*Data shown*.
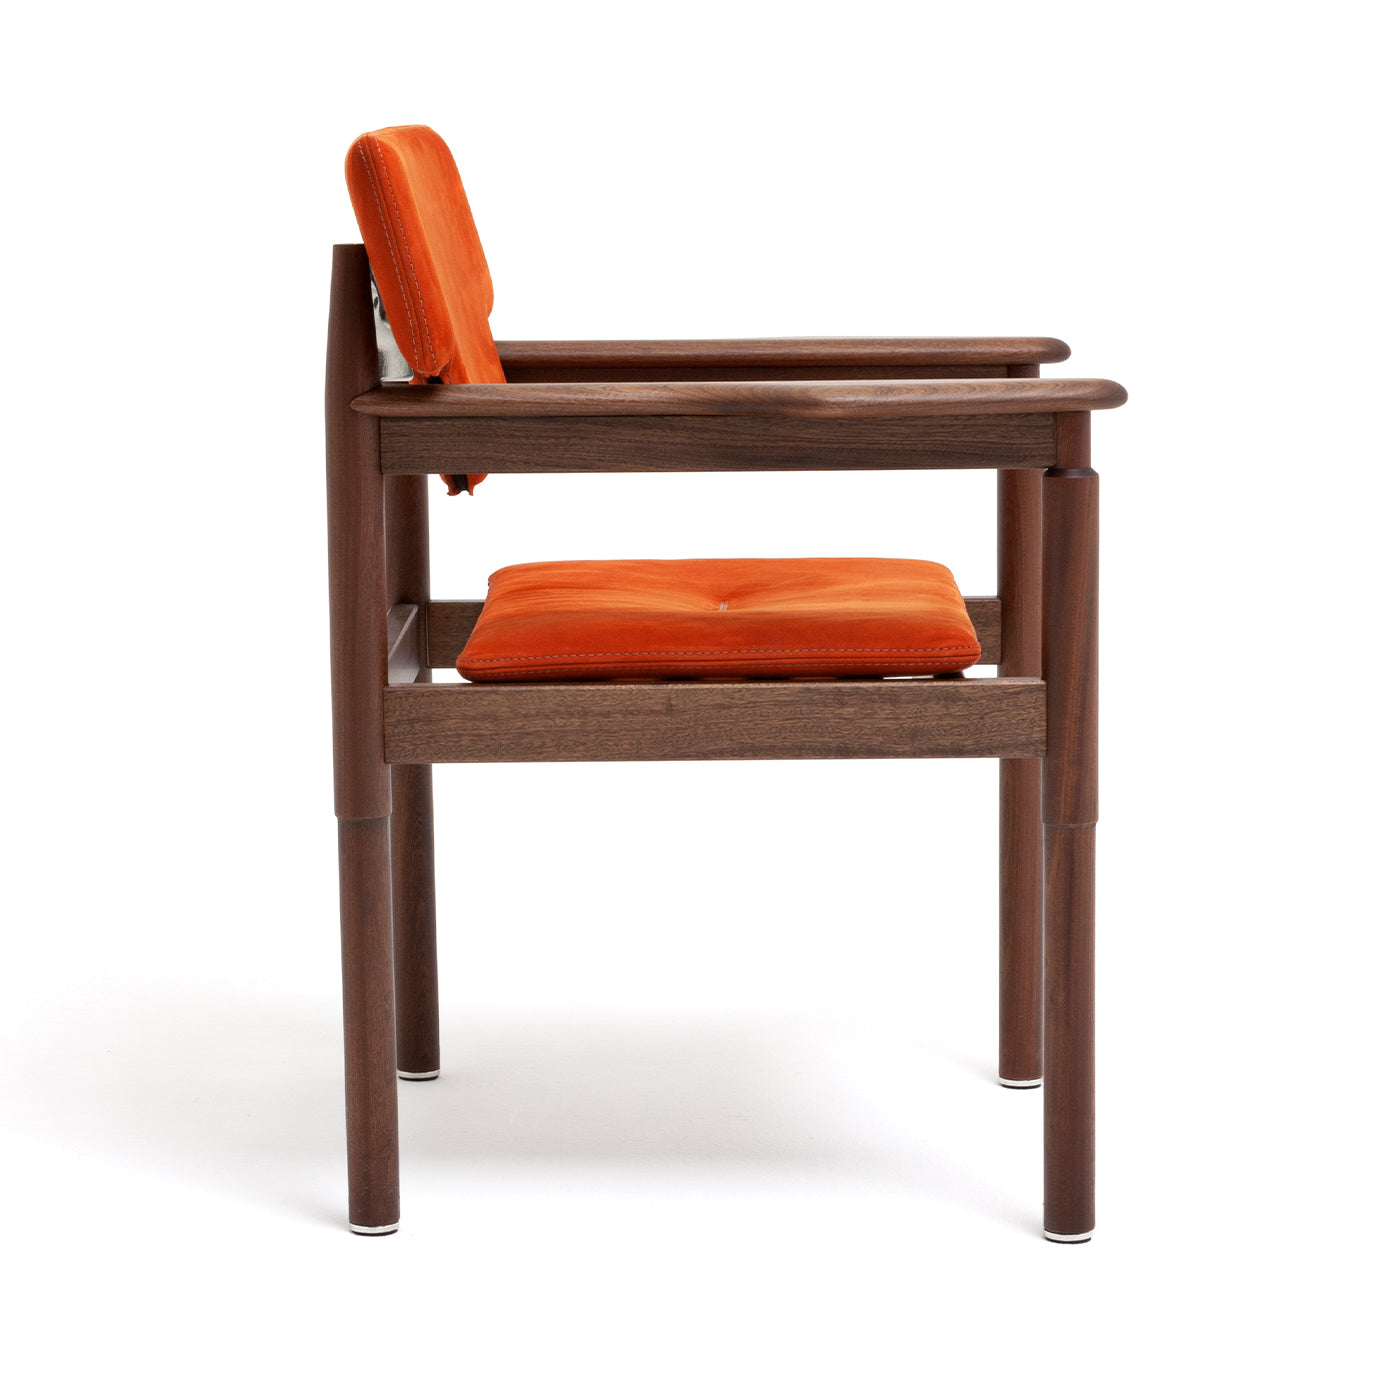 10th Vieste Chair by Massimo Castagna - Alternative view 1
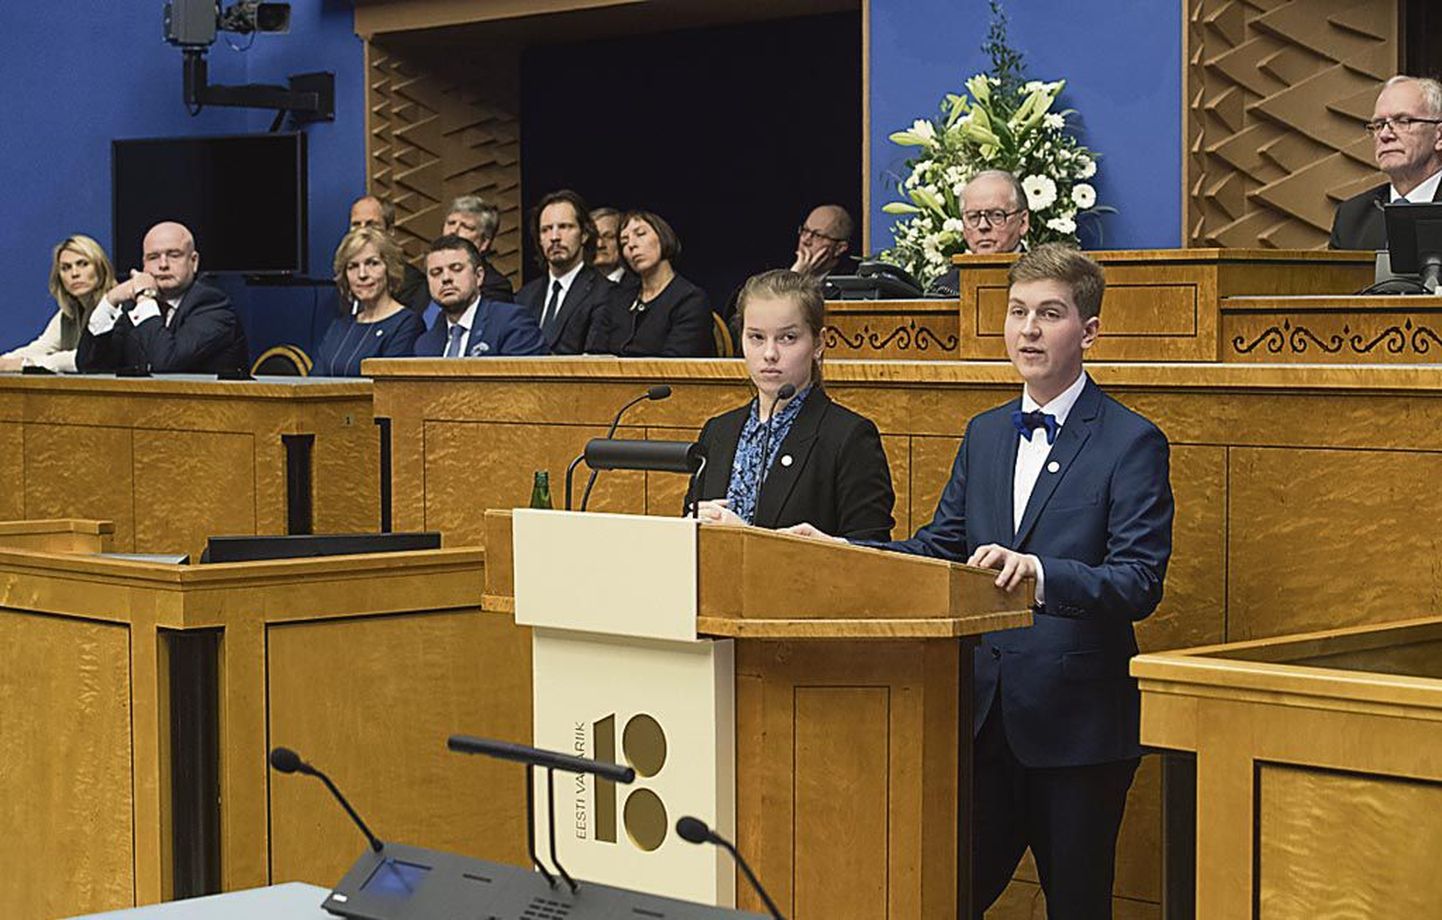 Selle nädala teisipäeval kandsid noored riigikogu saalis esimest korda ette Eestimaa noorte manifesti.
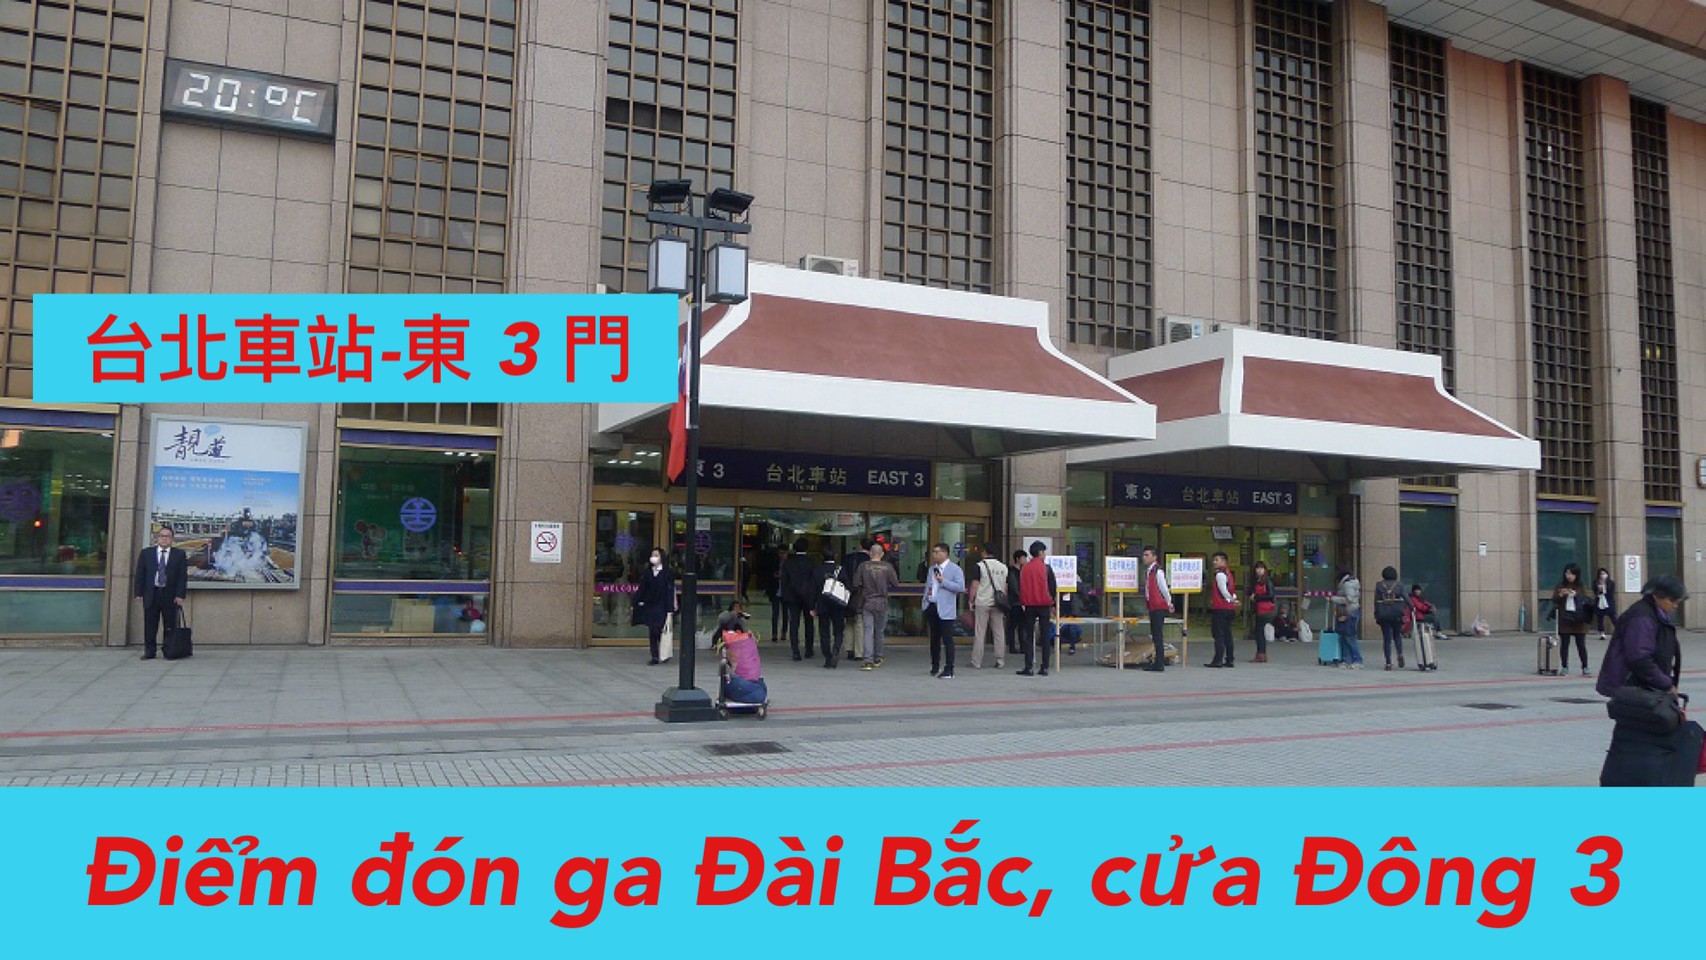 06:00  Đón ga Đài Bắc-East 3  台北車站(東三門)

*Assignment*.
Pictures stay out; reproduce exactly the lines from the one containing "Selle nädala teisipäeval" through the end of the data.

*Answer area*.
 Selle nädala teisipäeval kandsid noored riigikogu saalis esimest korda ette Eestimaa noorte manifesti.
 06:00  Đón ga Đài Bắc-East 3  台北車站(東三門)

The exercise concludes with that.